The issue isn't whether RTK is responsible for inversion pollution, it's about the huge levels of pollutants the mining concern puts into our air throughout the year, not just during inversions. It's also about the widespread heavy metal contamination of our air, water, and soil from Kennecott's past and present operations.

According to data from the Utah Division of Air Quality, RTK is by far the largest single source of air pollution along the Wasatch Front, emitting 10 times more pollution overall than the next largest industrial source, the Chevron refinery. Inversions or no inversions, the raw data simply show that RTK is responsible for nearly one-third of the overall pollution released into the air over Salt Lake County.

The company is now permitted to expand the mine an additional 32 percent, an expansion of 73 percent since 1994, which equates to an increase in annual mining from 150 million to 260 million tons. We challenge Kristensen to provide details backing her claim that mining an additional 110 million tons of rock per year will not result in increased air pollution.

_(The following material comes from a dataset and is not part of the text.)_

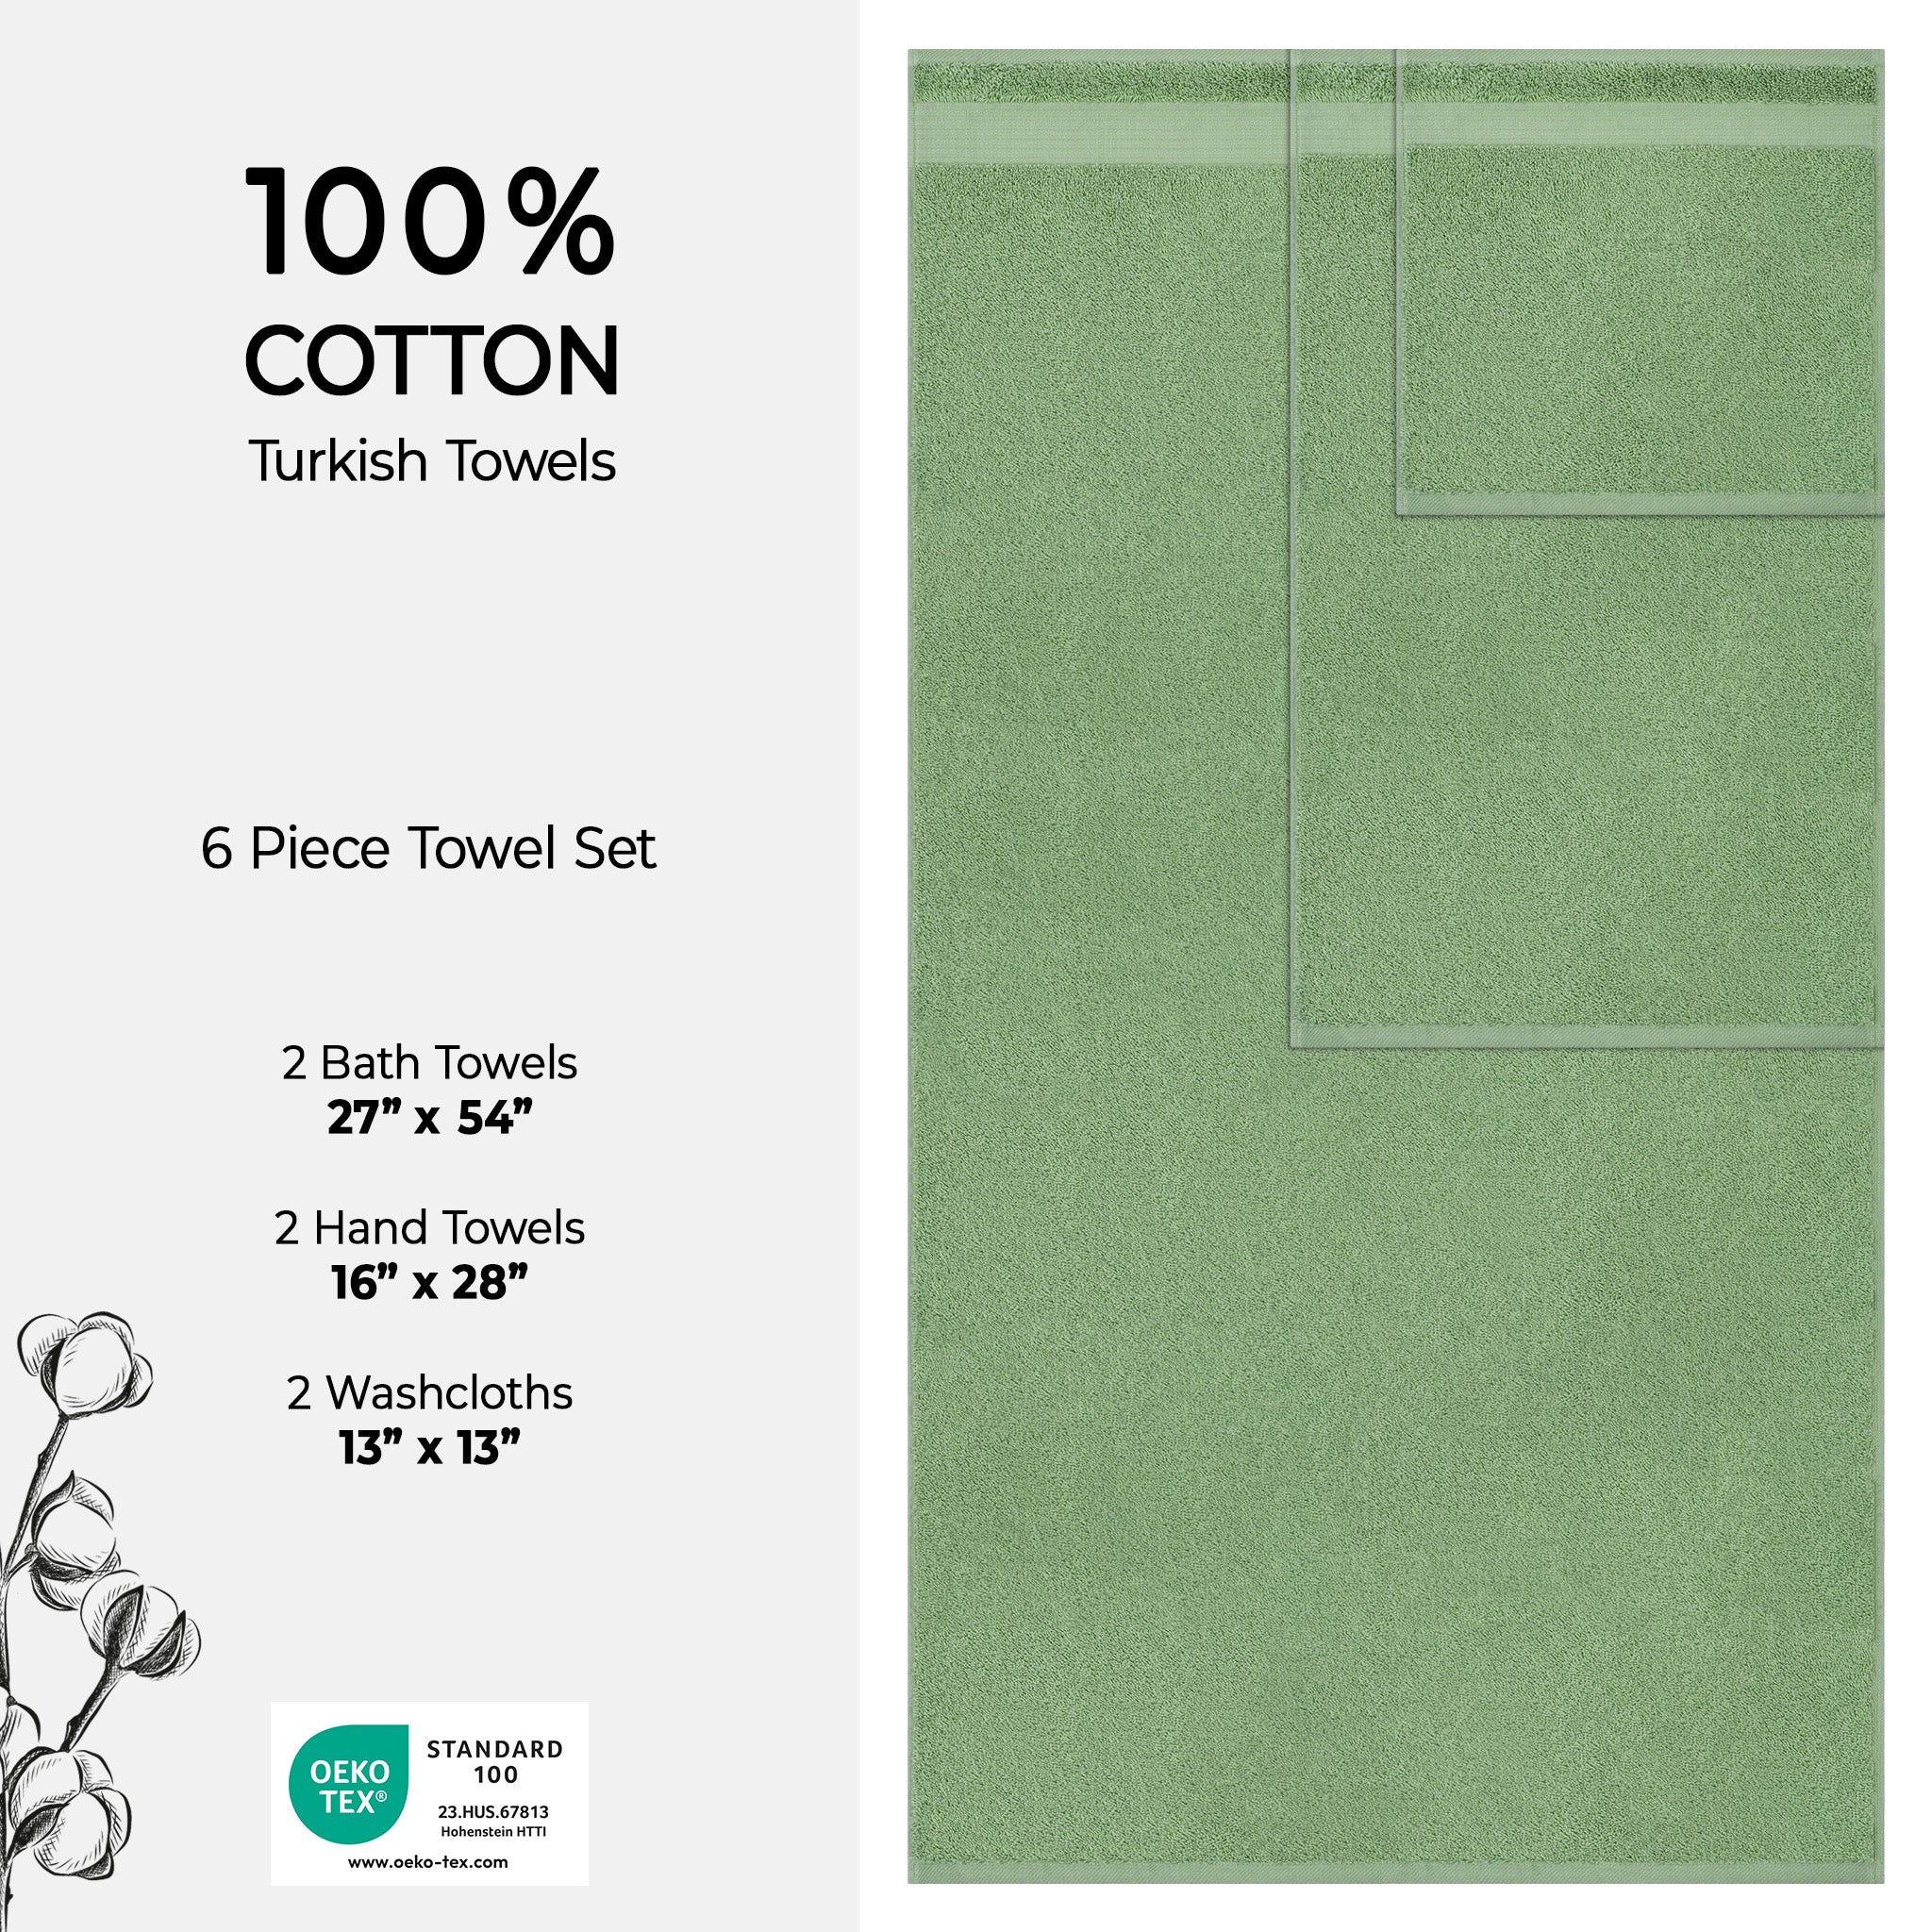 American Soft Linen Bekos 100% Cotton Turkish Towels 6 Piece Bath Towel Set -sage-green-04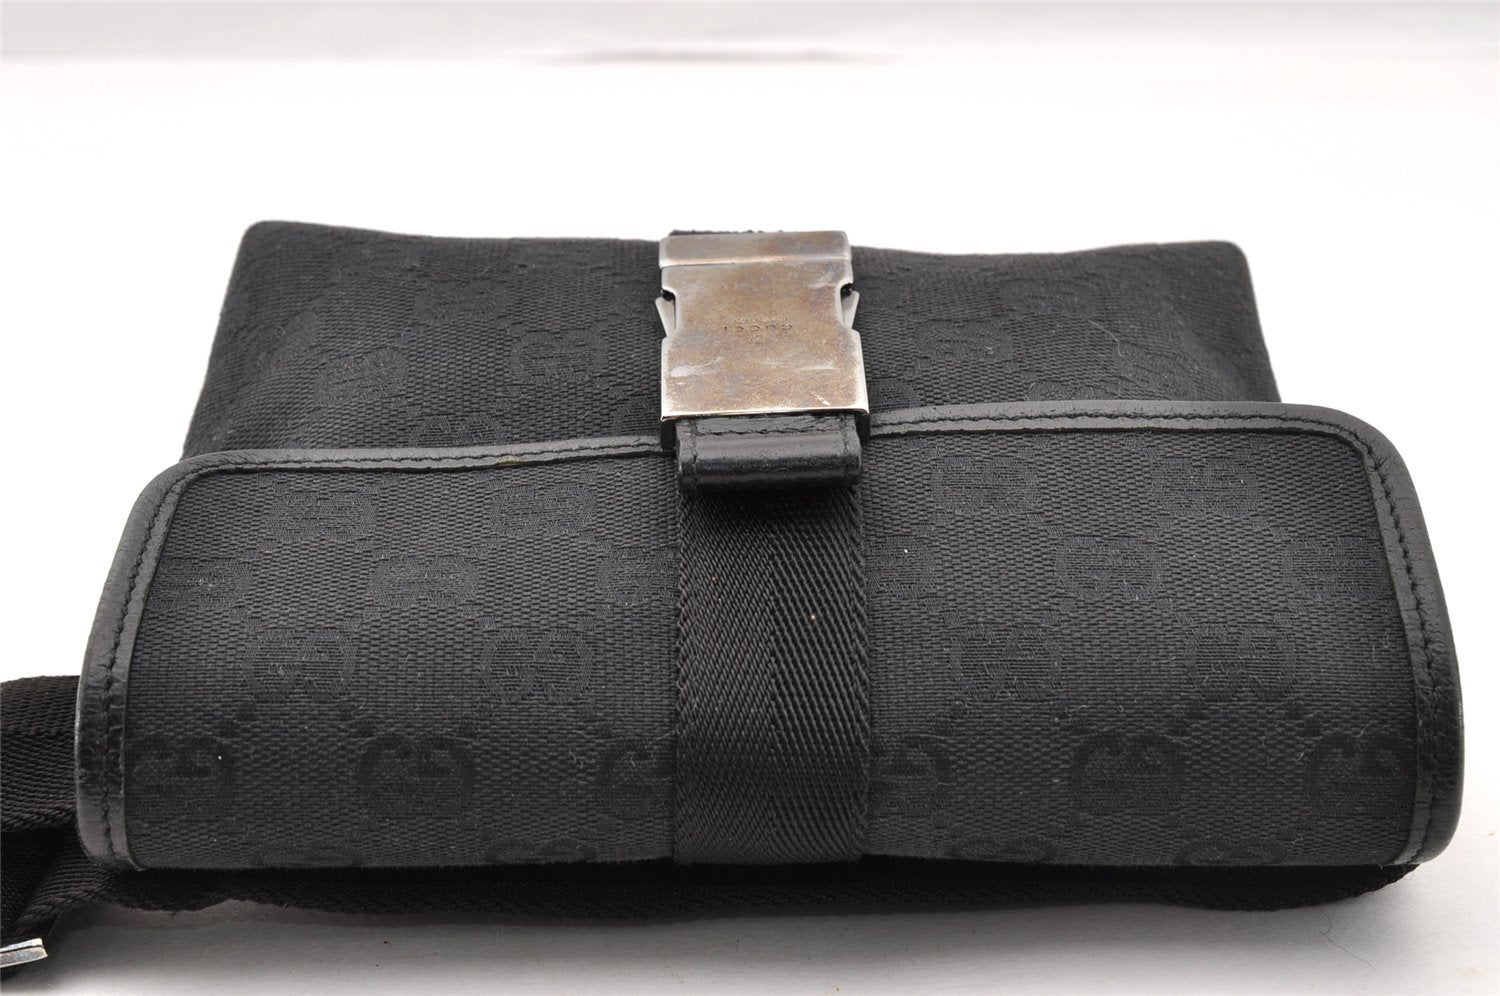 Authentic GUCCI Vintage Waist Body Bag Purse Canvas Leather 131236 Black 4843I

RTK is one of 1,600 "high priority" pollution violators in the United States, according to the Environmental Protection Agency. The company self-reports 6,235 pounds of lead emissions a year from its smelter smokestack alone. The federal Centers for Disease Control reports that no amount of lead is safe, and every bit of exposure permanently harms the brains of infants and children. A potpourri of toxic and deadly heavy metals — lead, cadmium, arsenic, mercury — from RTK's operations constantly descends upon Salt Lake County. Heavy metals do not degrade, so our exposure to them becomes cumulatively worse every year.

RTK turns off its coal-fired power plants during the winter, drawing power from the Western grid, and plans to convert the smallest three of the four coal burners to natural gas. But Kristensen neglected to mention that this plan comes with the proviso that RTK be allowed to run those new natural gas plants during the winter, i.e. during inversions. Although natural gas is cleaner than coal, it is a huge source of nitrogen oxides, precursors of particulate pollution and ozone.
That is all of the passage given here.